I object to the word "pet".  And it's not my property, anyway.

> that could
> stay alive but the more I think about the burden, the more I'm inclined
> to just give up...

But I'm not.  All I'm asking for is that you don't needlessly
make things hard / impossible for me.  It's a bit of an
engineering challenge already ;-)

> There have been a recurring need for system vendors to provide
> "firmware" type code to be called from the OS or to co-exist with the 
> OS
> though.

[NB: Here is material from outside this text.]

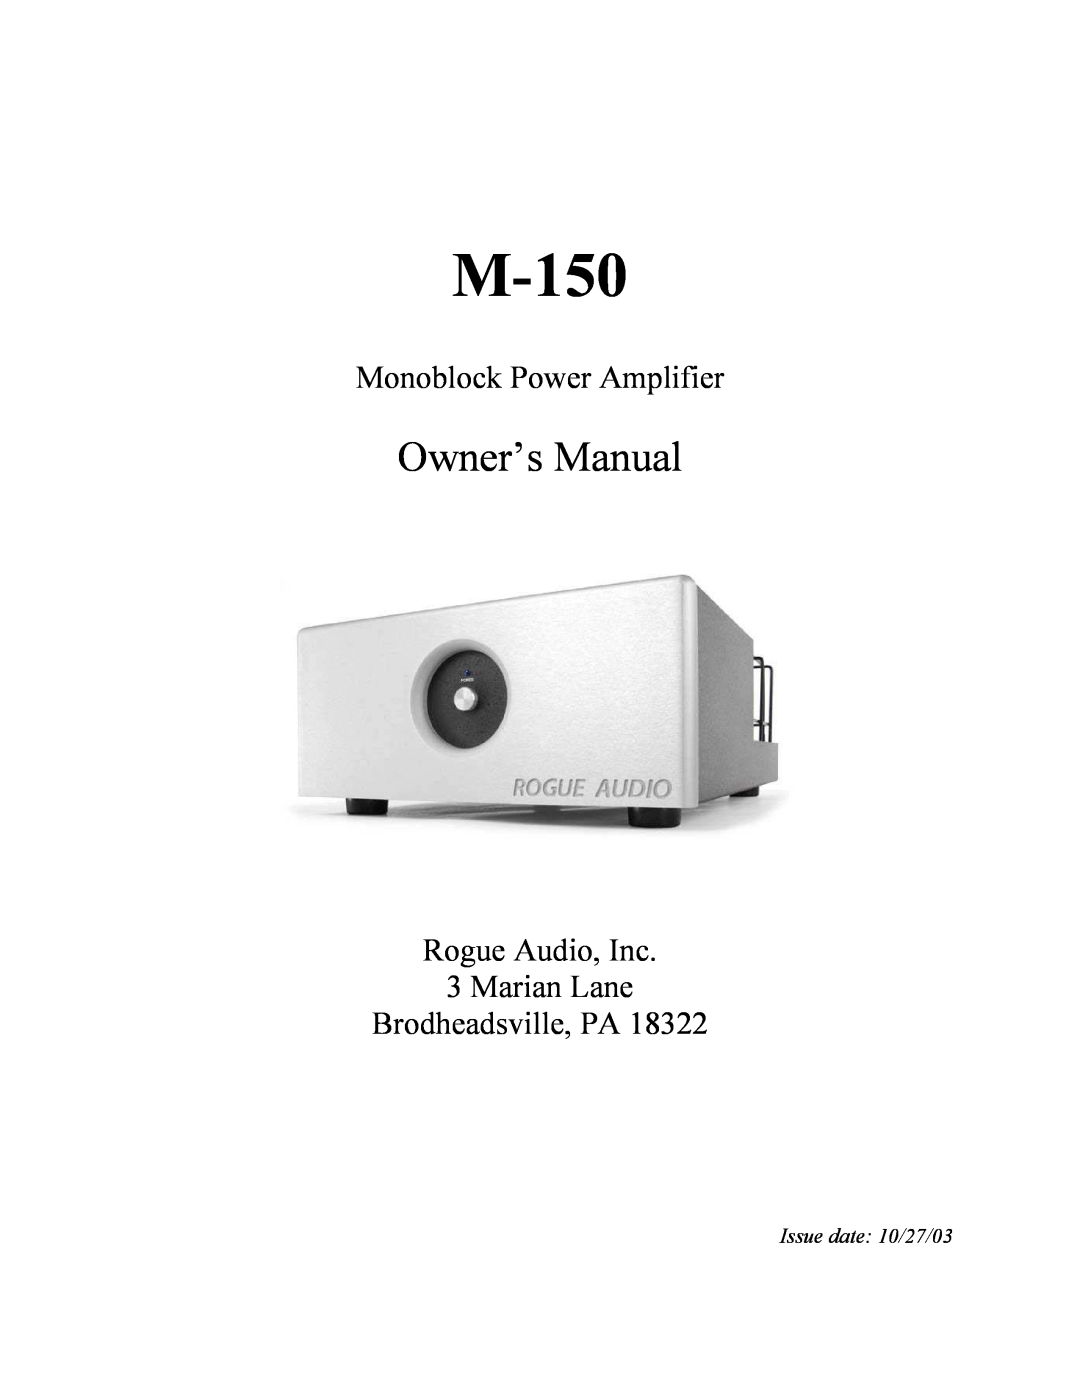 Rogue Audio M-150 owner manual Monoblock Power Amplifier, Rogue Audio, Inc 3 Marian Lane Brodheadsville, PA 
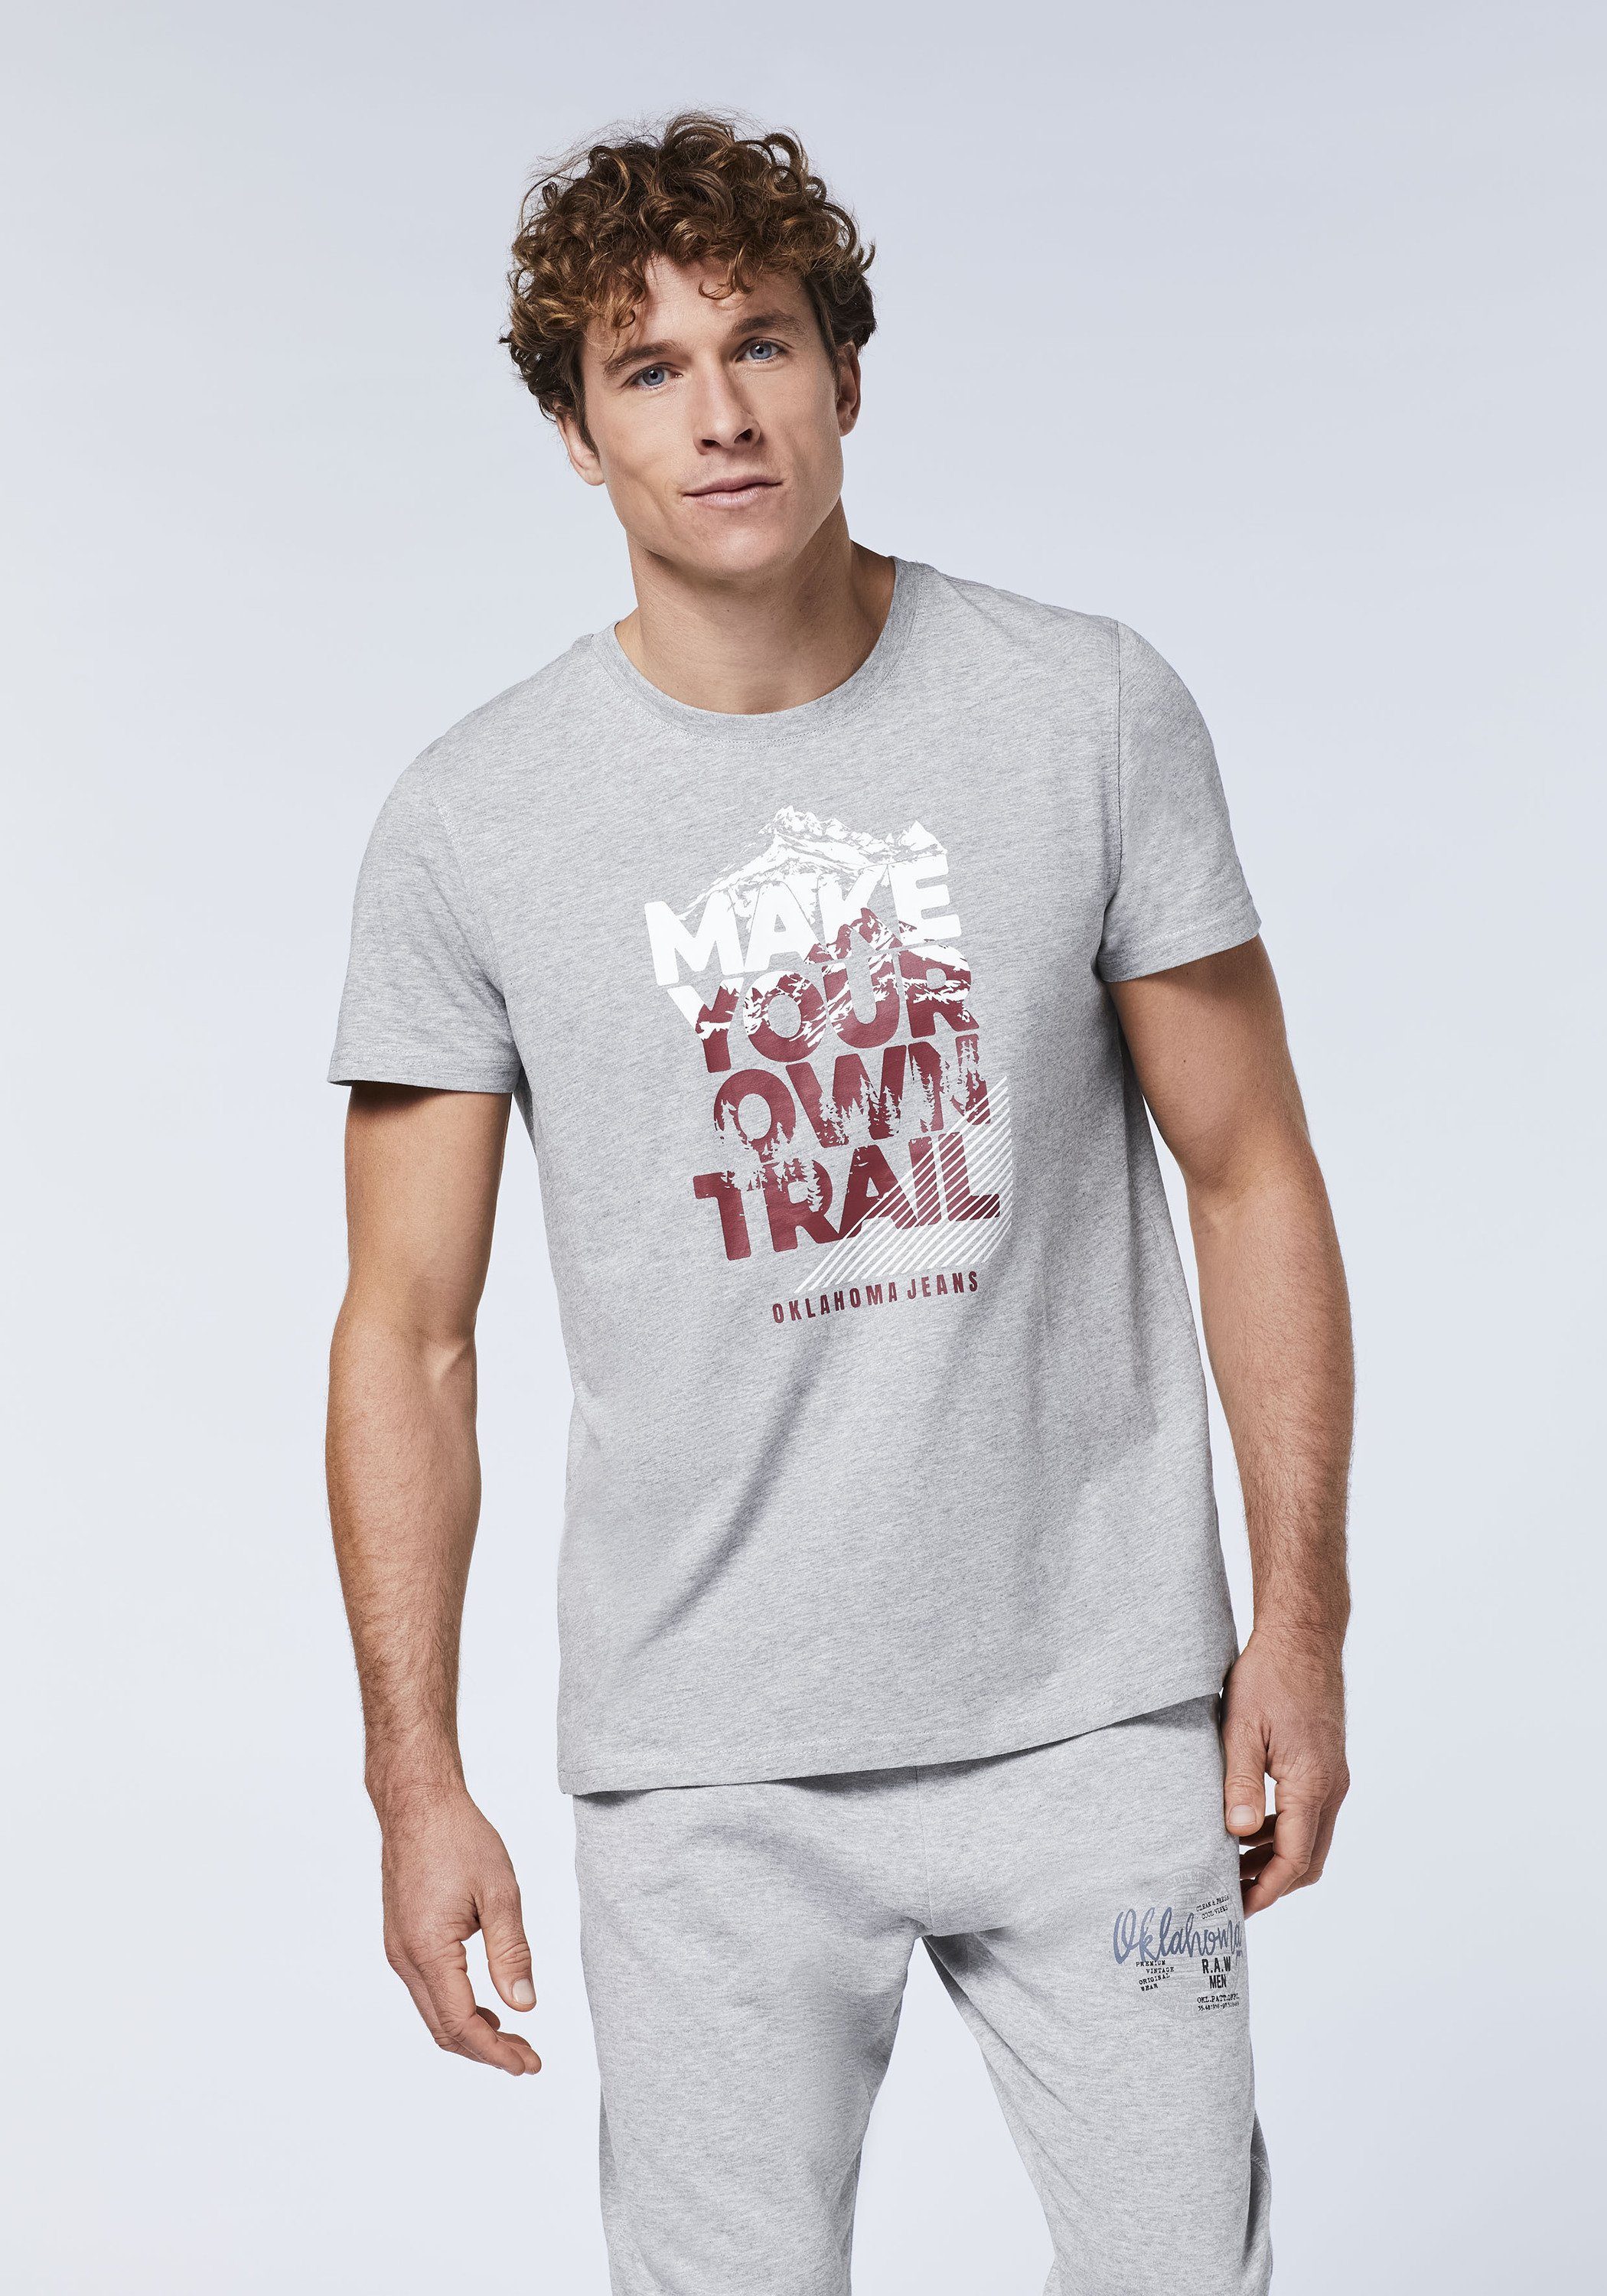 Schriftzug Mountain-Look Melange Neutral Print-Shirt im 17-4402M Oklahoma Jeans Gray mit

Wether that's a good idea or not or wether those vendor
> justifications for that are valid or not is of course debatable ;-)
>
> Some of those attemptes resulted in horrors ranging from SMM BIOSes to
> RTAS, via ACPI AML stuff or even worse, Apple's platform function
> "scripts" in the device-tree.

All those things essentially work like a black box; you have no
idea what they do, what resources they use, etc.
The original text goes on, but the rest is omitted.